Na avaliação de Marcelo Ribeiro, estrategista da Pentágono Asset, os EUA devem "arrumar a casa" nos próximos meses, o que pode elevar preços de papéis da dívida do governo americano e as cotações do dólar -inclusive no Brasil.
"A primeira reação ontem foi que a intervenção voltava a fortalecer as commodities e enfraquecia o dólar. O real chegou a subir. Só que, logo em seguida, viram que esse pacote fortalece a economia americana. Durante um ano as expectativas [nos EUA] foram deterioradas. Agora vamos começar a precificar os problemas no resto do mundo", disse Ribeiro.
Não ha consenso sobre o rumo dos preços das commodities e do fluxo de dinheiro para países emergentes. Uma das vozes dissonantes é a do economista americano Marc Faber, que em relatório ontem afirmou que o euro e o preço de algumas commodities podem ter caído demais. "A fraqueza das ações do setor financeiro está contaminando os demais ativos do mundo. O dólar se fortaleceu, e algumas ações e commodities ficaram com preços muito depreciados. Pode vir uma recuperação nas próximas semanas", disse.
Já Márcio Holland, economista da FGV (Fundação Getulio Vargas), está mais pessimista. "A cada dia fica mais claro para muitos otimistas de plantão que a crise mundial é muito mais séria, mais profunda e será mais prolongada do que se imagina. Economias como a brasileira, altamente dependente de commodities, sentirão no médio prazo muito mais a crise. O comportamento do mercado mostrou que o Brasil está mais volátil do que qualquer outra parte do mundo, mesmo pagando as maiores taxas de juros", disse Holland.
Para José Francisco de Lima Gonçalves, economista-chefe do Banco Fator, a intervenção esta longe de resolver a crise mesmo nos EUA ou de diminuir as incertezas globais. "As Bolsas vão comemorar por uns dias.
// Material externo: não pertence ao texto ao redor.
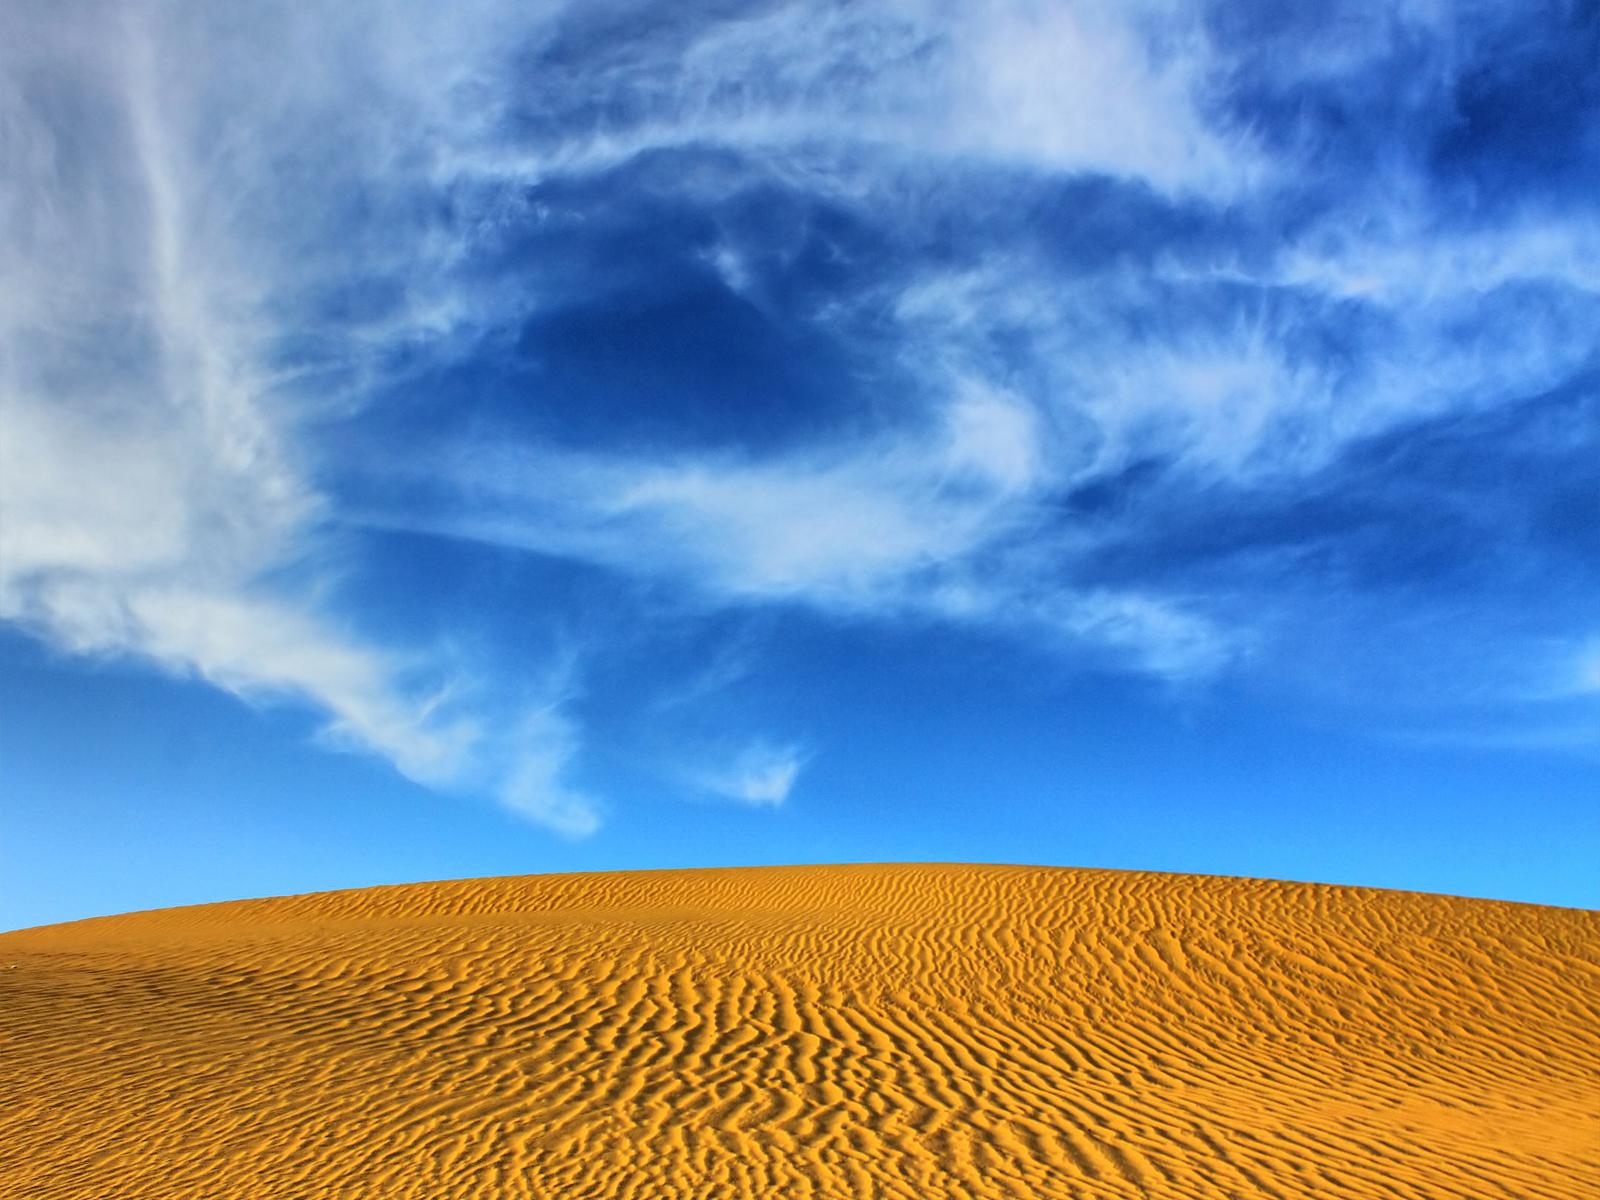 Desert Sky Desktop - Mzna Al khaled Photography

O sinal decisivo, porém, continua em algum lugar entre o mercado de trabalho e os preços dos imóveis nos EUA. E isso ficara para o próximo governo", afirmou.
Gonçalves discorda dos que acreditam que a intervenção foi um prêmio para as duas agencias e para os bancos americanos. Ele lembra que os acionista de Fannie Mae e Freddie Mac viram suas ações virarem pó, pois serão os últimos beneficiados -atrás de credores, do Tesouro- se a carteira dessas empresas melhorar.
Especialista em risco, Alexandre Jorge Chaia, do Ibmec-SP, destaca que, mais uma vez, o governo dos EUA "passou a mão" na cabeça dos bancos que assumiram riscos demasiados. "Foi uma declaração de que podem fazer as besteiras que quiserem, que serão salvos", disse.
Para o Brasil, Chaia vê mais liquidez para as empresas e os bancos captarem no exterior, mas afirma que ainda é cedo para estimar o impacto na Bovespa. "Ninguém tem muita noção no Brasil do impacto do pacote. Vimos os juros [na BM&F] subindo, mas não tinha motivo para isso. Para o Brasil, não foi um dia muito bom. Cria oportunidade de saída da Bolsa e para repensar os investimentos como um todo", disse.